The most important thing when watching this movie is, I feel, to get the right version. I think the dubbed version is nigh on unwatchable, turning a superb film into a (frozen) turkey. In case it helps, the new version, pictured at the top of this post, is copyright 2014, says it's 'fully restored', and makes a point of mentioning thats it's in the original language, with subtitles. 

The one to avoid, at least in the form I have a copy of it, has a cover more like the image shown below. Not only do the dubbed voices sound disembodied, but there are no subtitles for the expository texts, or the moments when Russian is spoken, or even the speech by Hitler that the soldiers listen to on the radio after the battle for the factory.



[1] There's an interesting wiki type website here that lists the weapons you can observe in the film.

[2] From the apparently earnest Saving Private Ryan, or the HBO Pacific mini-series, to the more overtly wish-fulfilment fantasies of Fury or Inglorious Bastards, it cannot be doubted that some viewers will get off on the violence depicted in war films.
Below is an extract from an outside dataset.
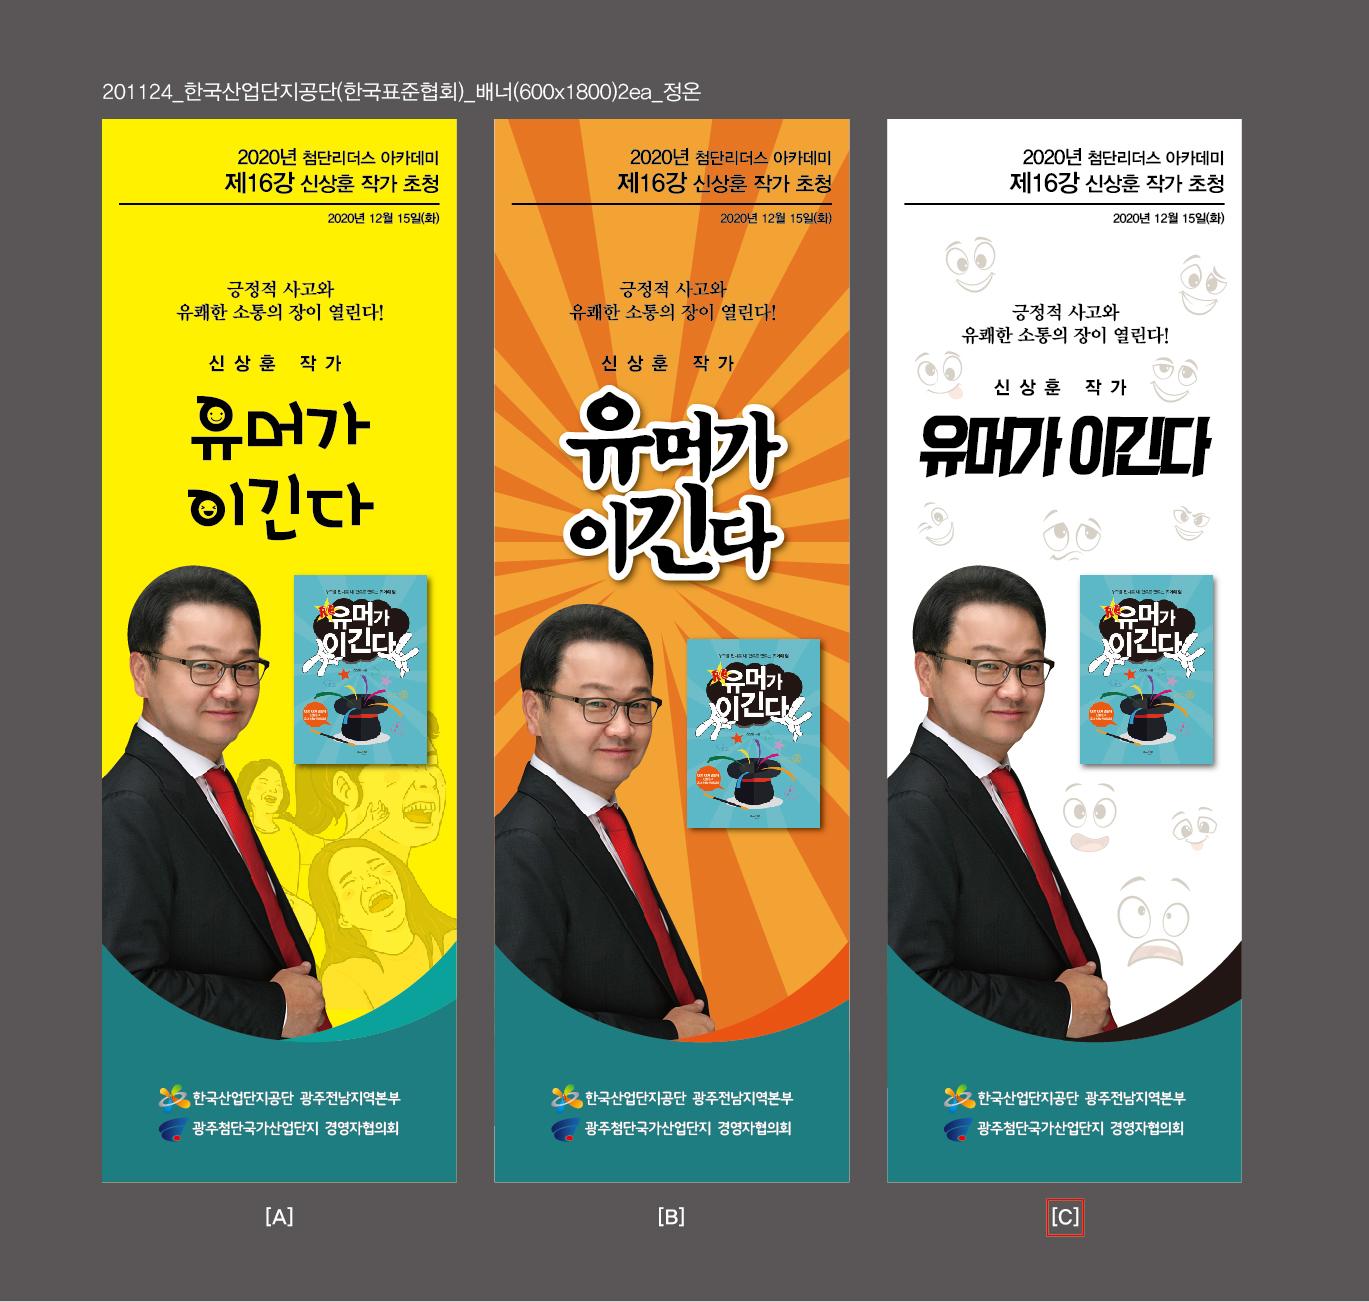 201124_한국산업단지공단(한국표준협회)_배너
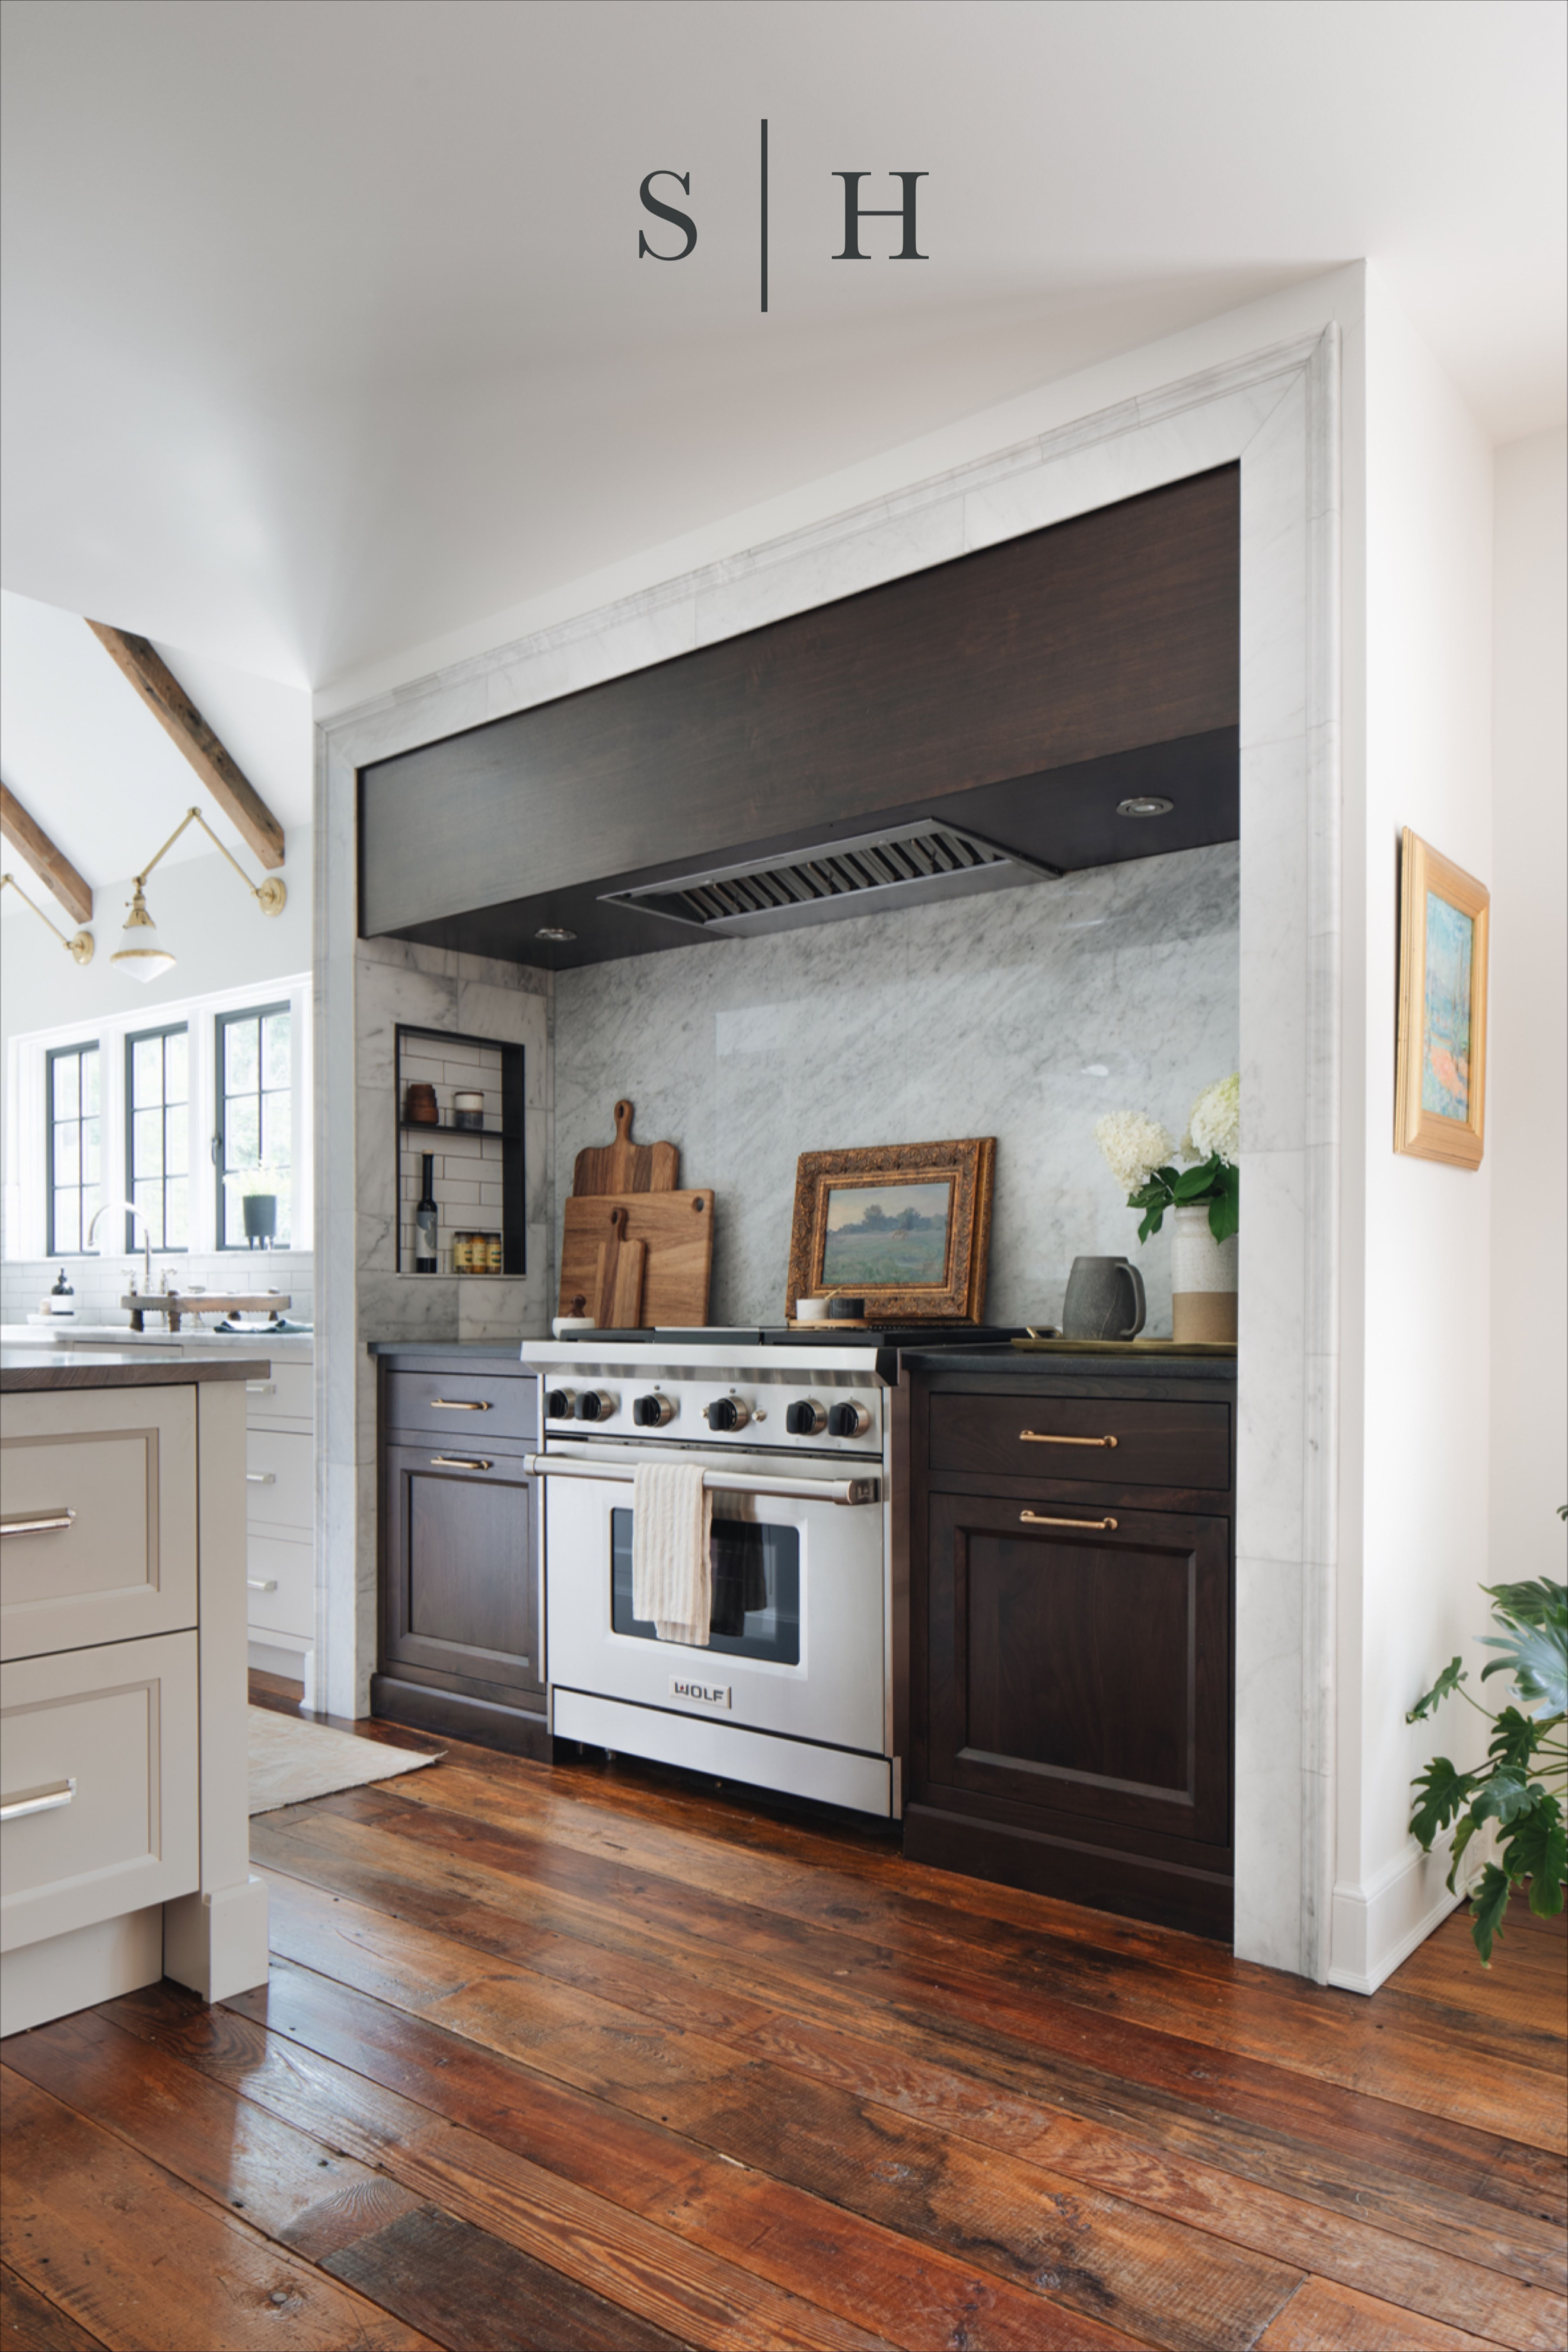 Kitchen Range Design Interior Design Range Kitchen Accessories Marble Wood Cabinets Stoffer Home Cabin In 2020 Home Kitchens Kitchen Inspirations Kitchen Remodel

[3] The older of my two versions claims Stalingrad was made by the same production team that made Das Boot. The newer version doesn't make this claim/connection. I glanced at production credits for both films, and couldn't see Vilsmaier named in the Das Boot credits. Does anybody know who, if anyone, worked on both?


The real McCoy...

... Stalingrad pays a moving tribute to all who suffered in this infernal cauldron.

2 comments:

  1. Excellent review of an iconic film favourite of mine. Never like dubbed versions of any foreign language film and the restored version is definitely the way to go.